“The romantic image is far more vivid” than any verifiable facts. Montefiore is talking about Jerusalem in the time of King David, but it could just as easily apply to all of Jerusalem, the story of the world’s most legendary city from Biblical times to the Six Day War of 1967. Though it’s a linear history, the book frequently changes perspective depending on whose story dominates Jerusalem at a given time: early Jews, Christians or Muslims.

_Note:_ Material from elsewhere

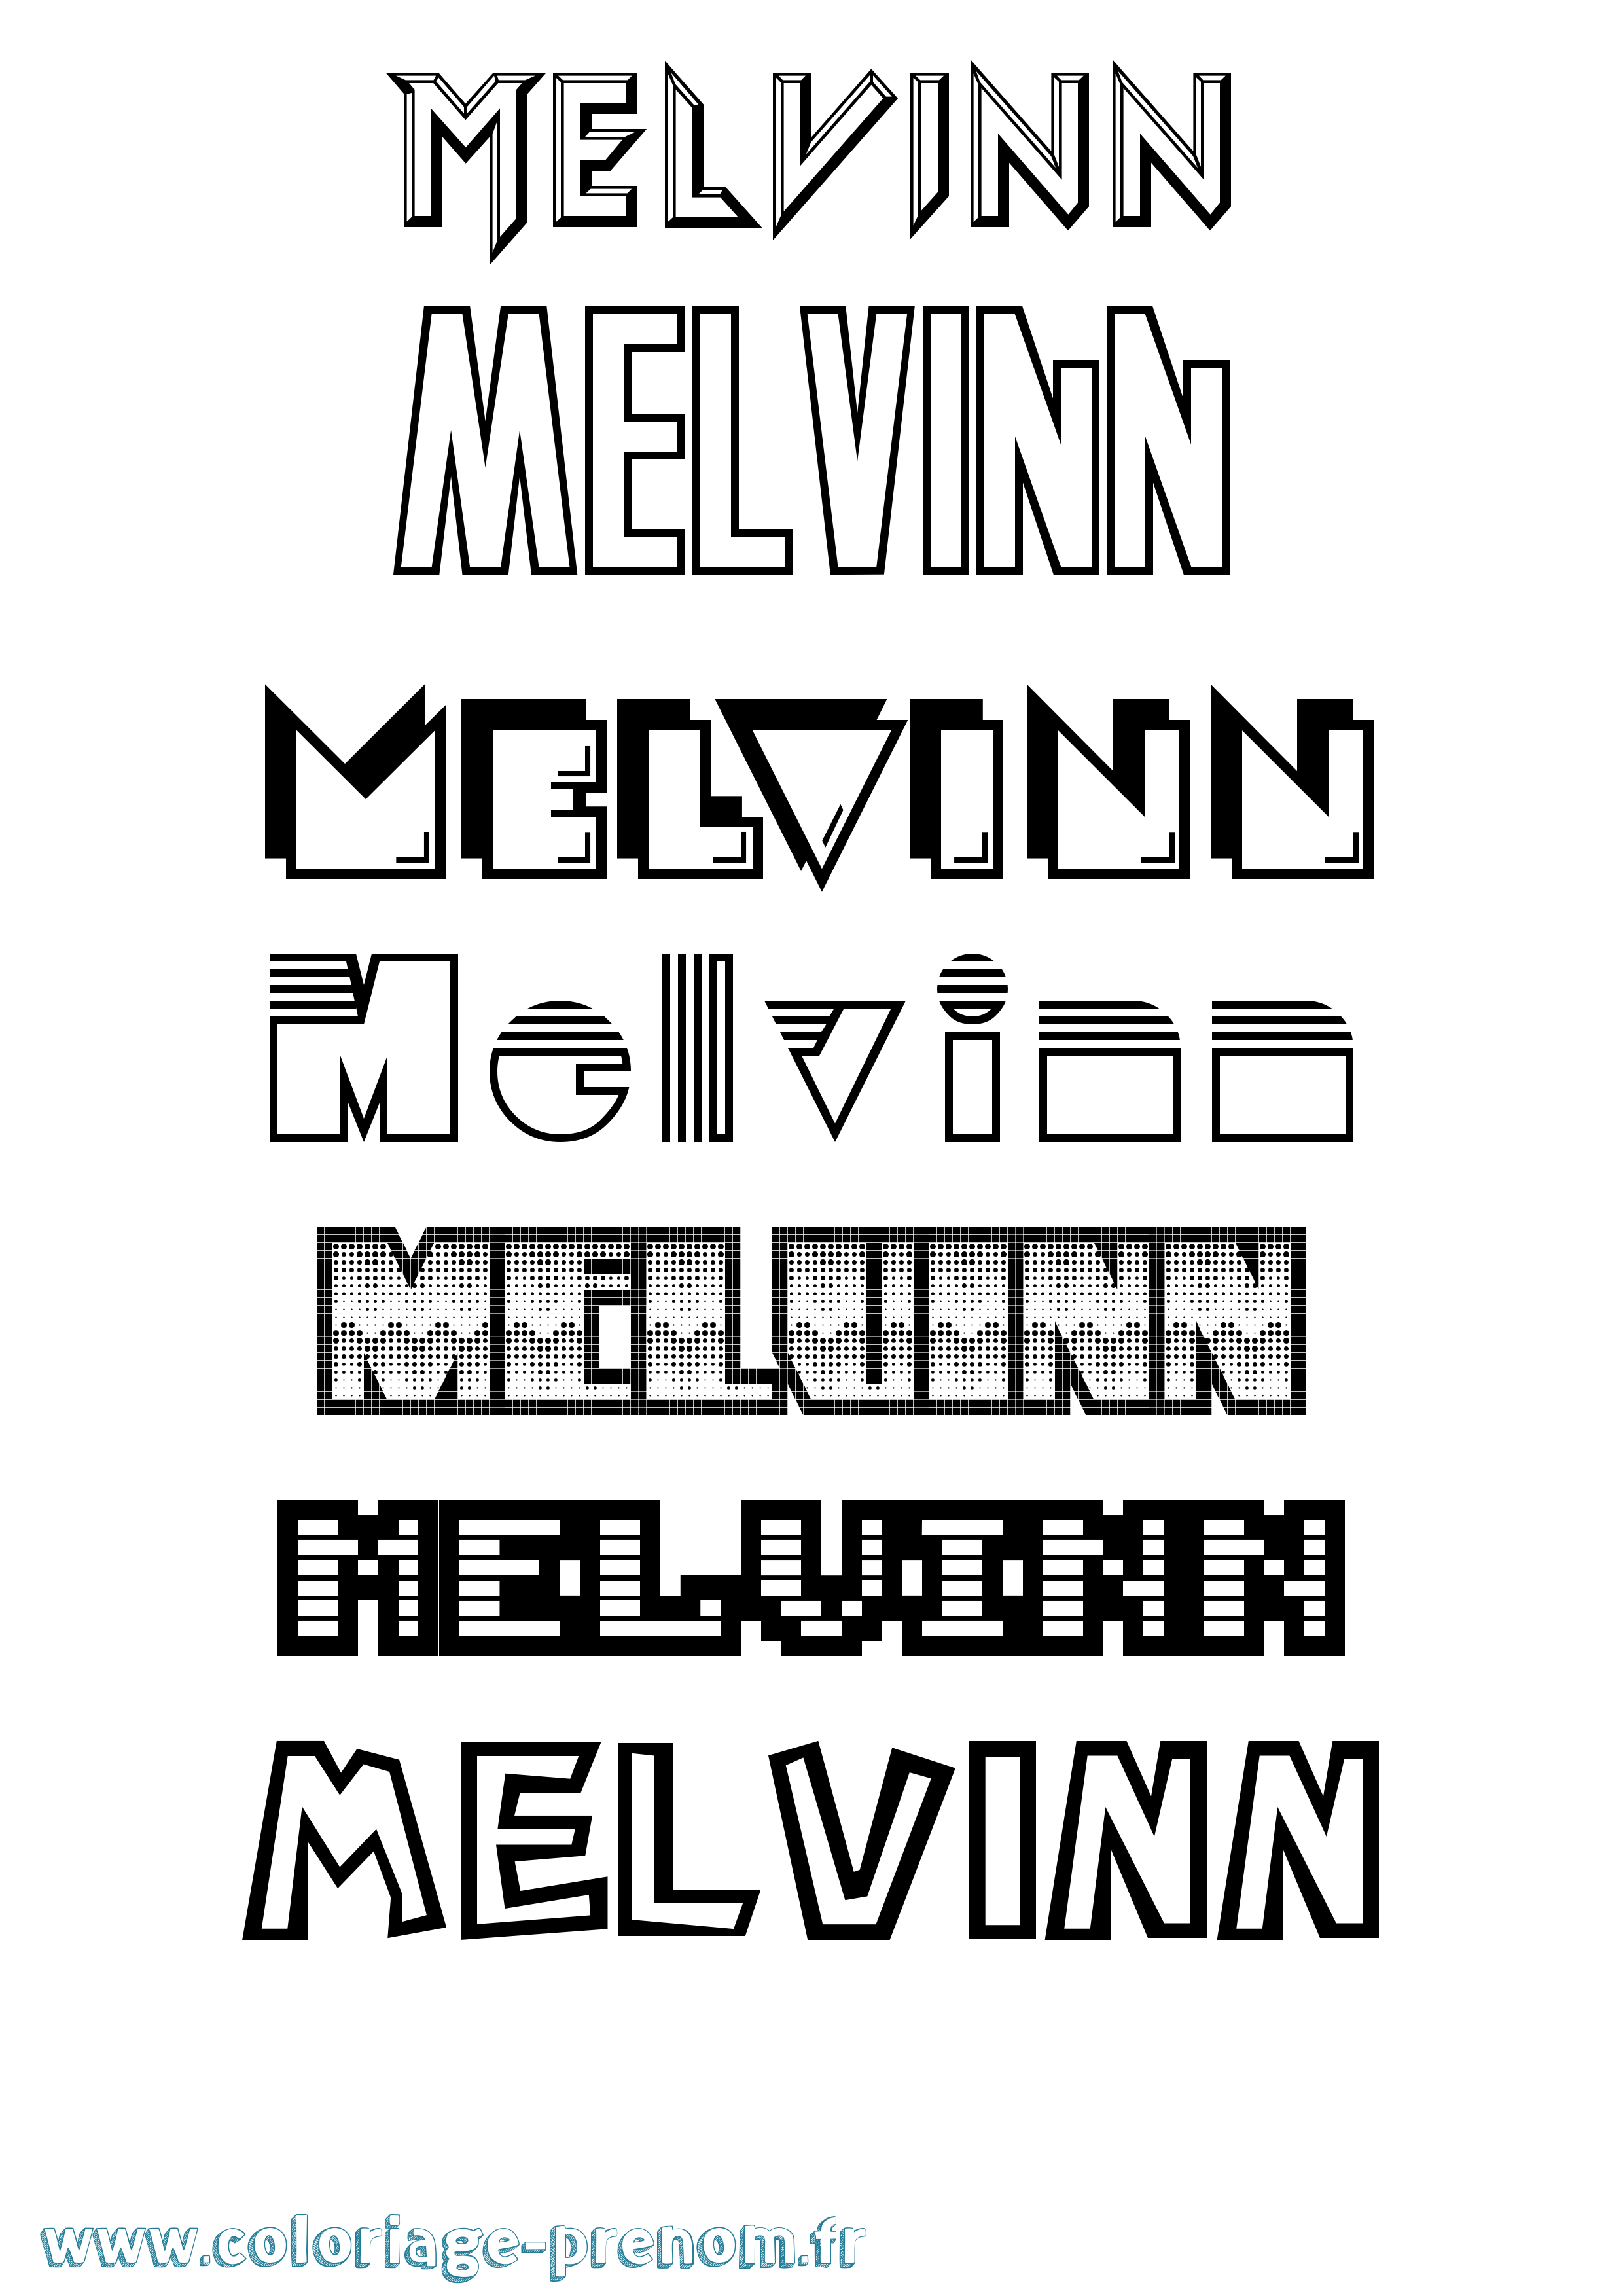 Coloriage prénom Melvinn Jeux Vidéos

Entering the 20th century and the Zionist era, we see how the city has been central to religion and politics for hundreds of years.
Since Jerusalem is so closely bound up with those three great religions, early sections of the book sometimes leave a lingering doubt about which stories are real; as Montefiore notes, the Gospels are the only source for the story of Jesus’ crucifixion, although “no faith is required to believe in the life and death of a Jewish prophet.” And yet the legendary aspect of Jerusalem is what shapes the history in the rest of the book; “The writers of the Bible created their narrative of Jerusalem,” Montefiore writes, and that narrative became the thing that people around the world fight, crusade and die over.
Montefiore has so much ground to cover that complicated stories like the Balfour Declaration take place in only a few pages. But the fast pace helps convey just how quickly things change in the city, and how many times the balance of power has swung. Because the book rarely lingers on one movement or religion for very long, it has a more objective feel than most books about Israel; the main character, as the term “biography” suggests, is the city itself.